How TechCrunch is like the Iliad



The drive for social status created the worst, most important part of the Iliad. Now it’s filling up investment announcements. Picture by Mikuláš Prokop

My fancy liberal arts school hazed me, like it does all students: I had to read The Iliad and The Odyssey.

We did more than read. We wrote. We talked. We dissected, for meaning and history. Me, and a dozen other kids I’d just met. It was school, after all.

The Odyssey is great. A proper story. Easy to read, and easy to see why it stuck around.

The Iliad is… not. It’s hard to read. Everyone in it is kind of a jerk. The biggest jerks are the biggest stars. The entire story rotates around a woman - Helen - without giving her agency. Maybe she didn’t want to go home?

For all its difficulty, it’s the more important book. Studying it taught me a lot.

Founders could learn from it even today.

In a hard book to read, one section is by far the hardest, weirdest, and seemingly most pointless. We called it the Parade of Ships, but Wikipedia uses the less glamorous “Catalogue of Ships.” It is exactly what it sounds like: A description of a lot of ships. More than a thousand. You know. Because Helen’s face was so beautiful it launched a thousand ships.

This gives us the millihelen: Enough beauty to launch one ship.

The Catalogue is scintillating:

First the Boeotians, led by Peneleos, Leitus, Arcesilaus, Prothoenor and Clonius; they came from Hyrie and stony Aulis, from Schoenus, Scolus and high-ridged Eteonus; from Thespeia and Graea, and spacious Mycalessus; from the villages of Harma, Eilesium and Erythrae; from Eleon, Hyle, Peteon, Ocalea and Medeon’s stronghold; from Copae, Eutresis, and dove-haunted Thisbe; from Coroneia and grassy Haliartus, Plataea and Glisas, and the great citadel of Thebes; from sacred Onchestus, Poseidon’s bright grove; from vine-rich Arne, Mideia, holy Nisa and coastal Anthedon. They captained fifty ships, each with a hundred and twenty young men.

That’s just the first paragraph! Every time I read this I delight in its nothingness. Now that I don’t have an essay due.

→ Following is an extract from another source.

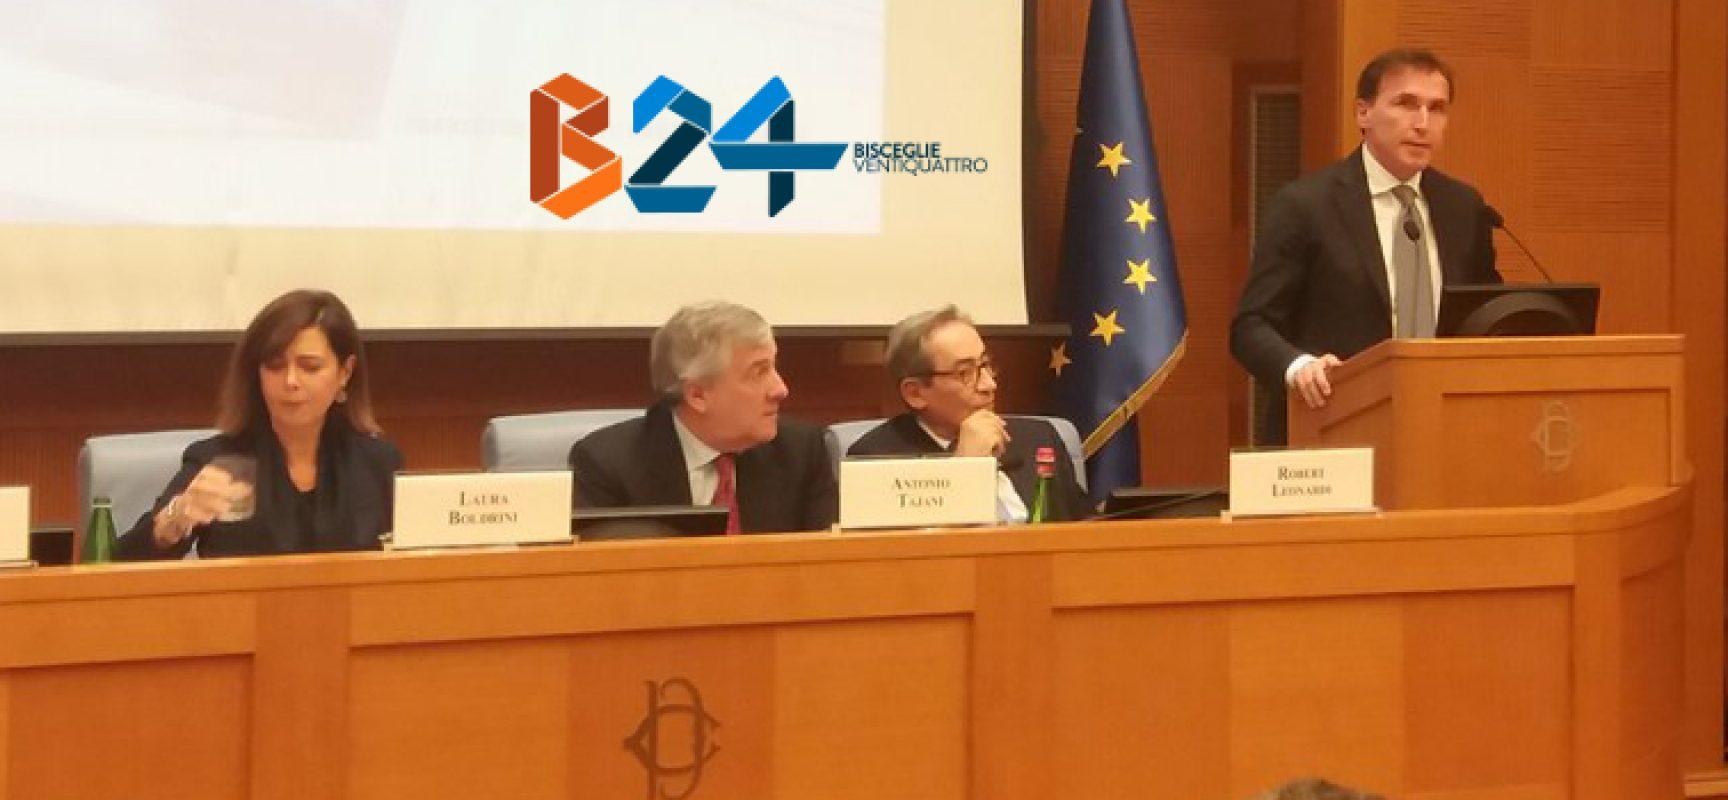 Francesco Boccia presenta il suo libro alla presenza di Laura Boldrini e Antonio Tajani

This litany, 2,500 years later, wakes our deepest fears about dusty old books. You’re probably feeling pretty good about skipping it. Yet it drove people to tell this story again and again. Being in it mattered. To your family. To your village. To everyone in Greece. Without the Catalogue of Ships, The Iliad might not survive.

Retelling a great story would always draw a crowd. (Remember: Both of these books were told in oral form long before they were ever written down.) But giving every listener a chance to brag or shrink because of the behavior of one of their ancestors… jackpot!

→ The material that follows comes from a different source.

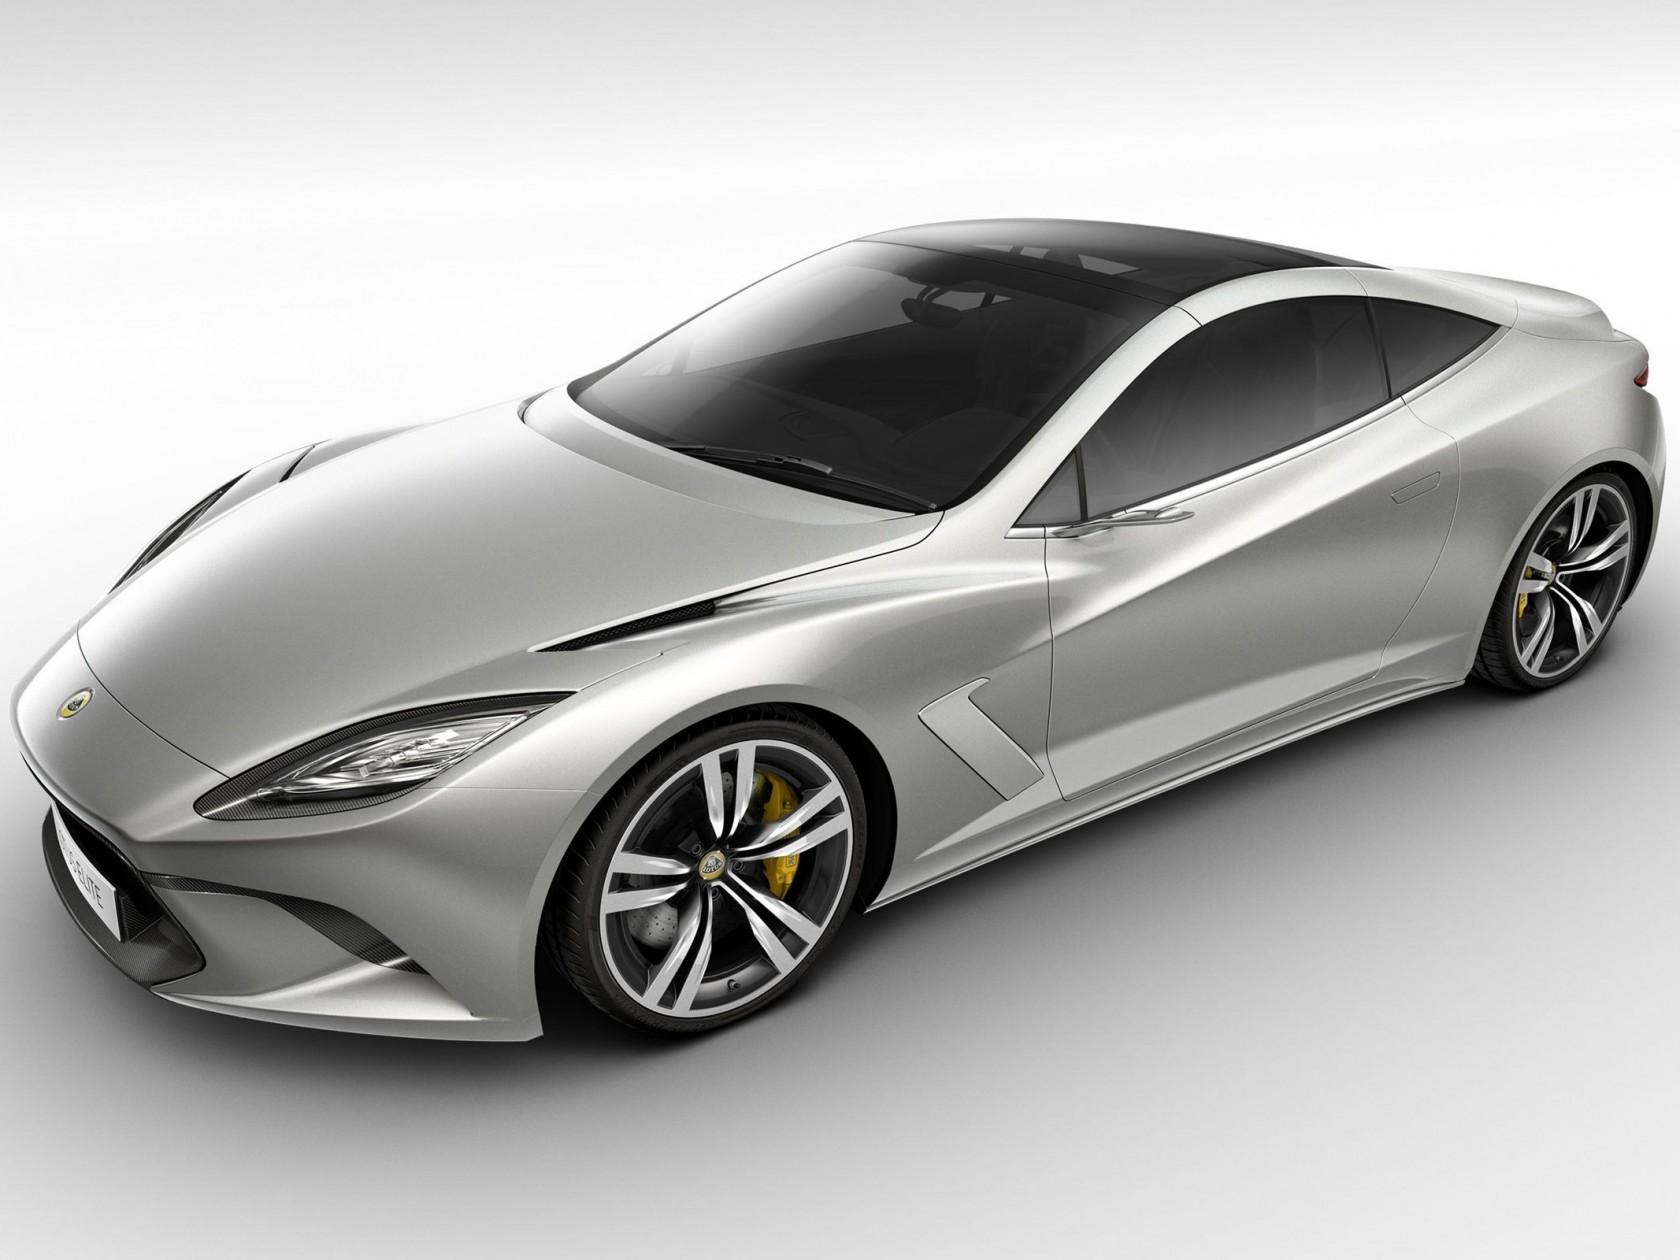 Lotus-Elite-HD-Car-wallpaper-wp5602124

I was reading a funding announcement recently, and was struck by this:

Investors in the $10.1 million round for the company were led by ArcTern Ventures and joined by new backers Capricorn Investment Group, Incite Ventures. Previous financiers in the company included Wireframe Ventures, Congruent Ventures, Ulu Ventures, Energy Foundry, Hardware Club, 1/0 Capital, and Wells Fargo Strategic Capital […].

That’s a long list. Especially so for a company likely raising only its second round of funding (based on the amount).

Then it hit me:

These investors are listed for the exact same reason the ships are catalogued in The Iliad!

The Greek warriors were fighting for timé, a kind of honor and fame. The stories helped them pass it on to their descendants.

Investors are fighting for the modern equivalent (named, ironically, after a different, also unpleasant Greek story). Now it’s earned in investor announcements on sites like TechCrunch, not ship descriptions in stories told in the town square.

This is more funny than bad. There’s value in being able to track down which investors work with what kinds of companies. More openness is a great trade-off for a little exposure for the investors.

Still. Seeing the parallel was a delightful lift to the morning. I have a science degree but a liberal arts education. I love what the combination has done for my career. It’s nice to have it be a source of humor, too.

The parallel provides a lesson for founders:

The catalogue of ships describes a thousand vessels, and far more people. But most of them were never mentioned again in the story.

Don’t look for those involved in the investment. Look for who helped the company succeed. Who wrote the first check.